Михаил Клодт. Село в Орловской губернии. 1864 год

«ЖИЗНЬ АРСЕНЬЕВА» – ЭНЦИКЛОПЕДИЯ ДОРЕВОЛЮЦИОННОЙ РОССИИ?

Первые же читатели романа отмечали, что в нем чрезвычайно подробно описаны быт и вообще специфика эпохи конца XIX века. Федор Степун, перефразируя известную формулу Белинского о «Евгении Онегине», прямо называл «Арсеньева» «энциклопедией русской жизни»: «Заснята Россия исключительно чувствительной камерой. Засняты все области: север, юг, запад и восток. Ее пейзажи, веси и города, губернские соборы, дворянские усадьбы, вокзалы, деревни… редакции провинциальных газет, присутственные места, красные коврики под начальственными штиблетами… мещанские рукомойники».

Правда, из этого пассажа можно сделать вывод, что «Жизнь» – это всего лишь подробный физиологический очерк, описание быта: как устроены дворянские усадьбы, какие отношения были у помещиков с крестьянами, какой была система образования в гимназиях и т. д. Но всего этого в «Арсеньеве» не найти. Зато тут подробнейше описано, как пахло в коридорах гимназии. Мы не узнаем, например, сколько стоила форма гимназиста или как она выглядела. Зато Бунин описывает «пыльные окна, нагреваемые городским солнцем», духоту и тесноту шляпной мастерской, где ему выбирают гимназическую фуражку. В странствиях Арсеньева тоже описаны не города, а эмоции, которые они вызывают у героя. Не топография или архитектура, а цвета и запахи: Витебск встречает героя «лиловыми, голубыми и гранатовыми» шубками гуляющих по улицам девушек и «антилопьими» взглядами юношей. Ни слова о том, что Арсеньев приезжает в черту оседлости, город, где дозволено жить евреям, никаких описаний быта еврейского местечка, которое бы обязательно нашлось в «энциклопедии русской жизни», физиологическом очерке, мы тут не обнаружим.

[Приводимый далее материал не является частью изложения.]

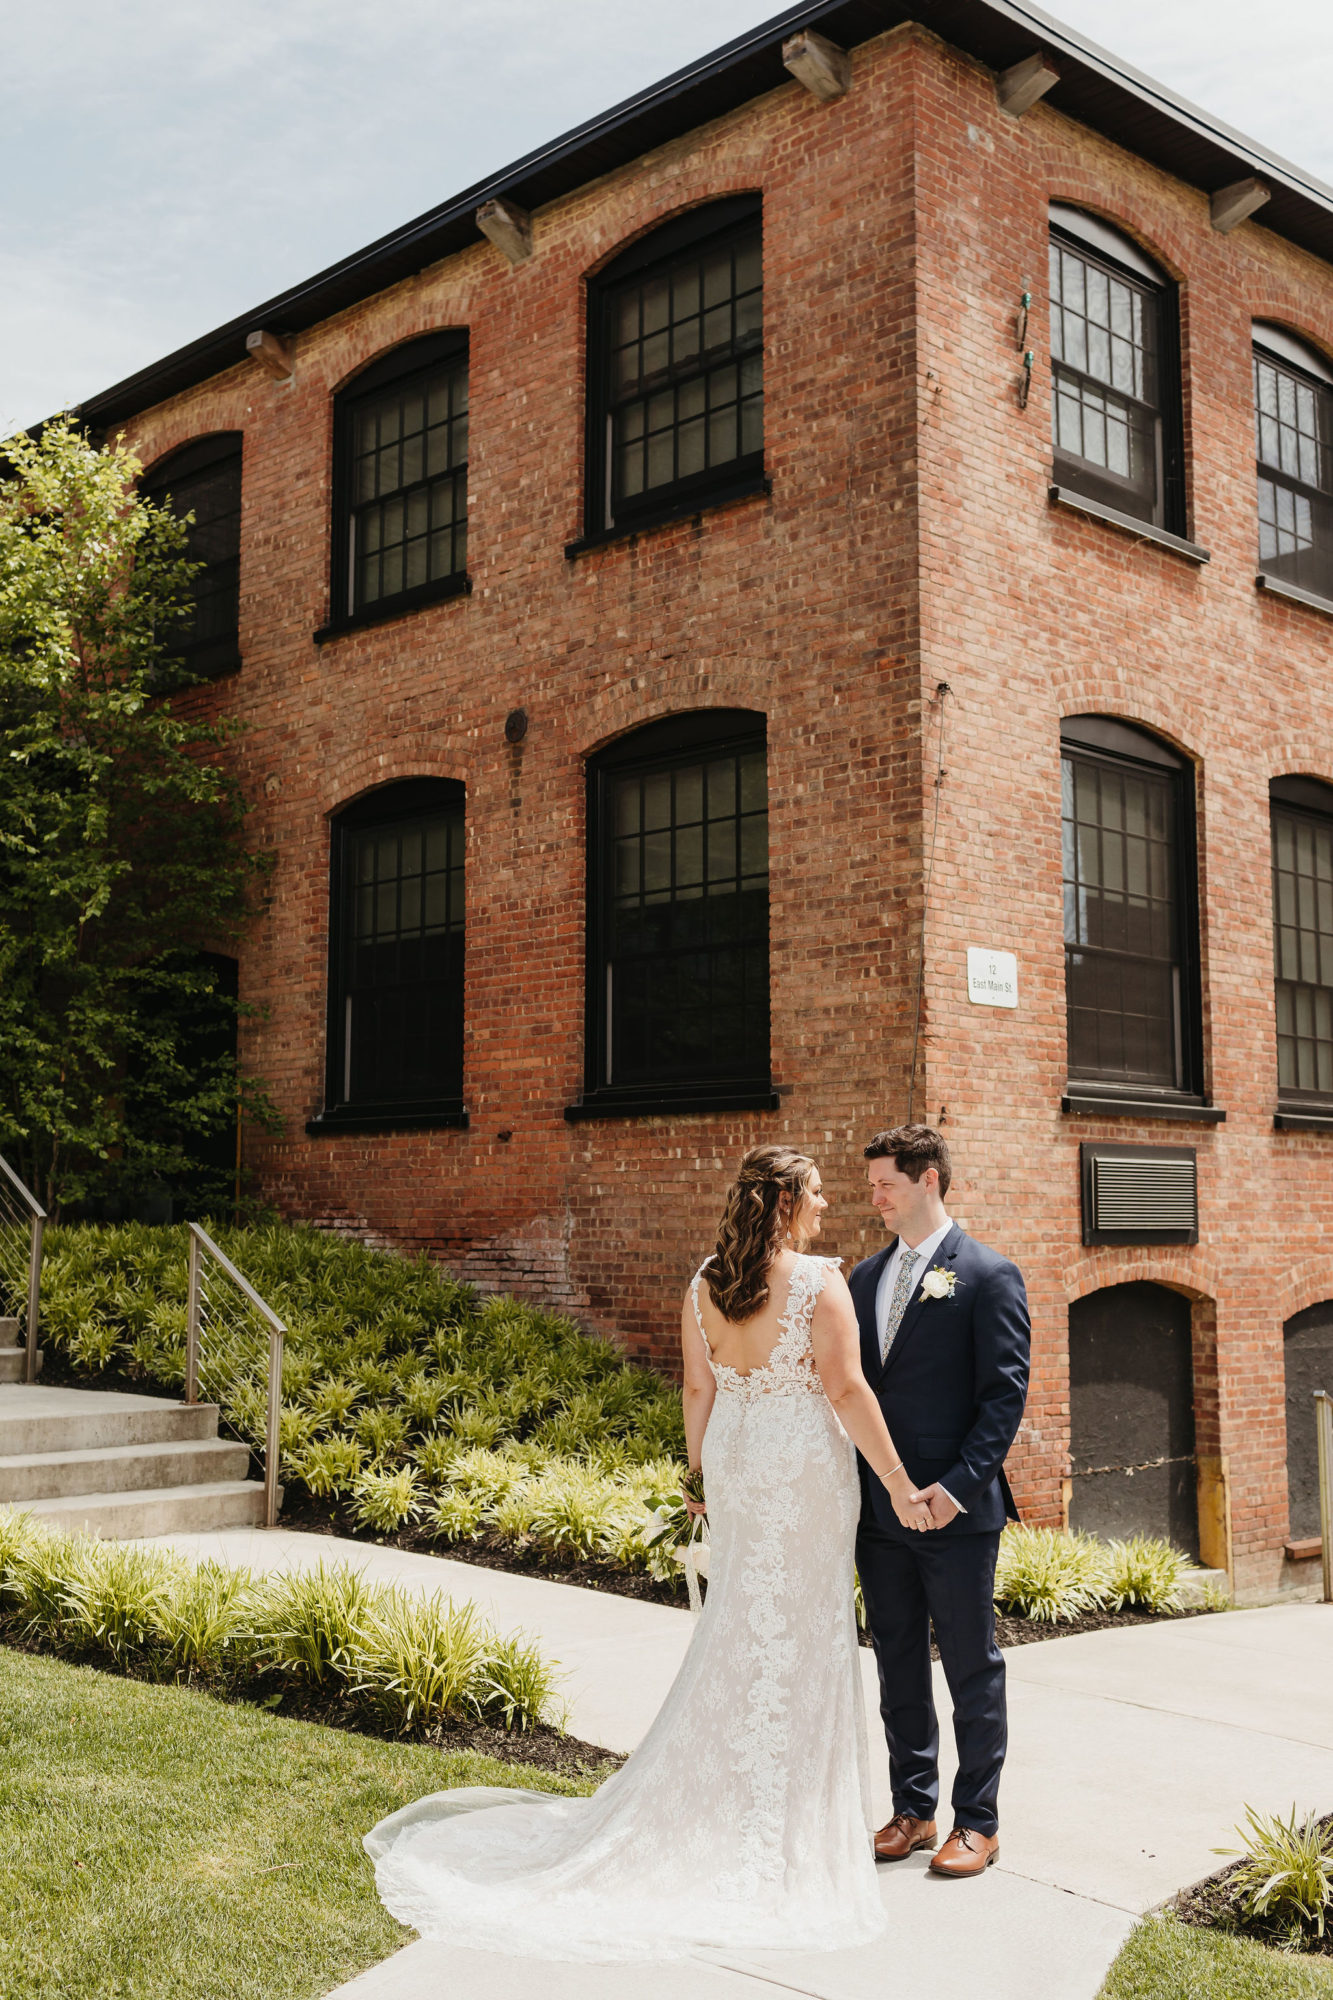 dusty blue wedding, romantic wedding decor, Industrial wedding, the roundhouse, hudson valley photographer, wedding inspiration, wedding photographer, hudson valley wedding, dusty blue bridesmaid dress, couples portraits 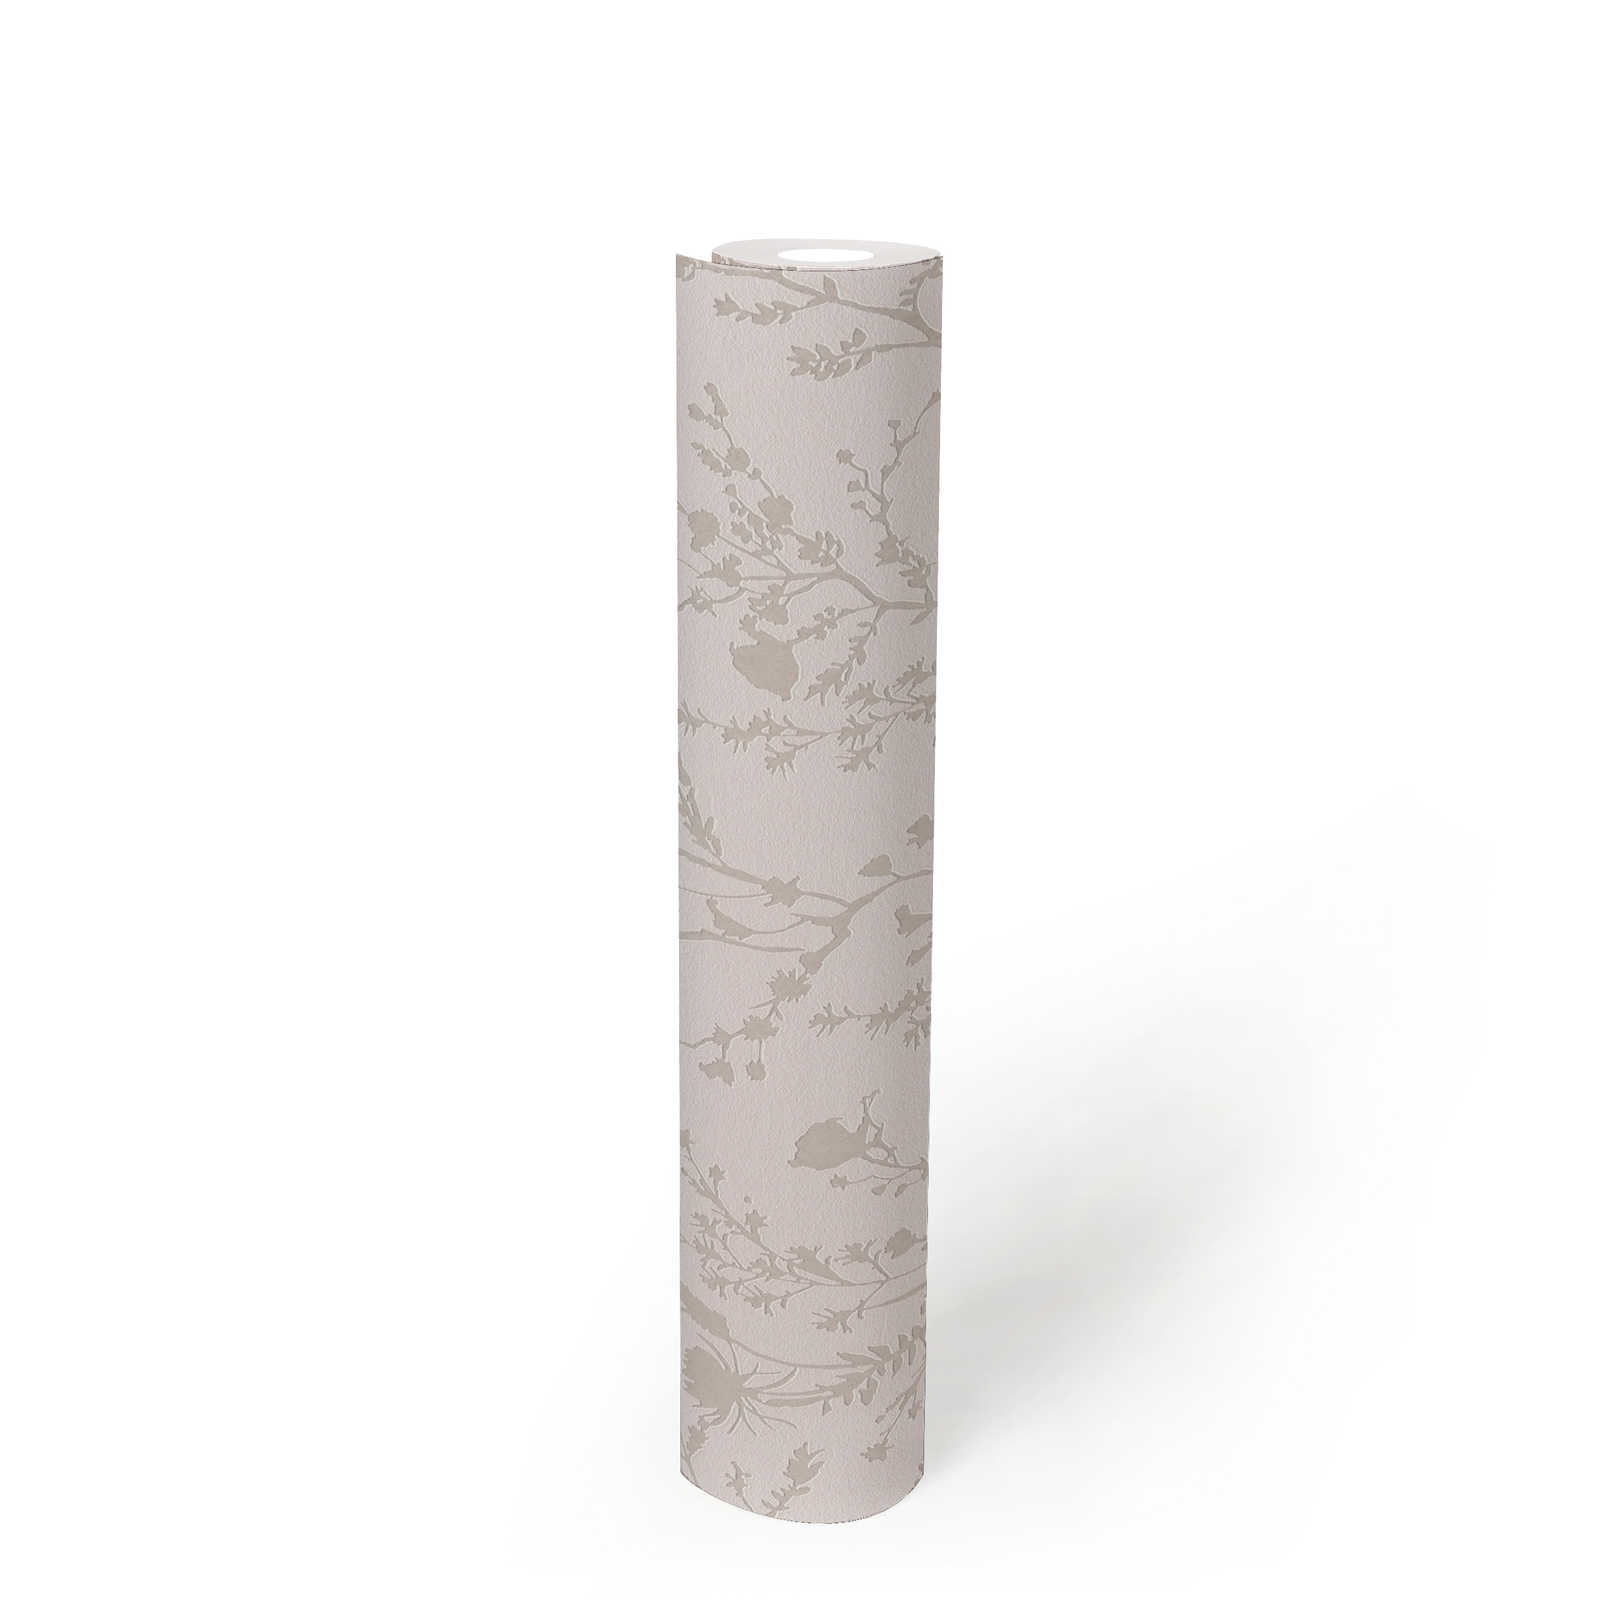             Floral non-woven wallpaper with a playful floral pattern - light pink, light grey

Так что Степун все же грешит против правды, применяя формулу Белинского к «Жизни Арсеньева»: это ни в коем случае не историко-бытовой очерк и точно не альбом фотографий России XIX века. Здесь описано как раз то, что оказывается за рамками очерка, чего фотография передать не может. Чувства, запахи, полутона ушедшей реальности. Не быт, а те ощущения, которые были с ним связаны. Что само по себе гораздо ценнее, чем информативная и подробная энциклопедия.

ПОЧЕМУ ВМЕСТО ПОЕЗДКИ К МЕСТУ СЛУЖБЫ АРСЕНЬЕВ ОТПРАВЛЯЕТСЯ В ПУТЕШЕСТВИЕ?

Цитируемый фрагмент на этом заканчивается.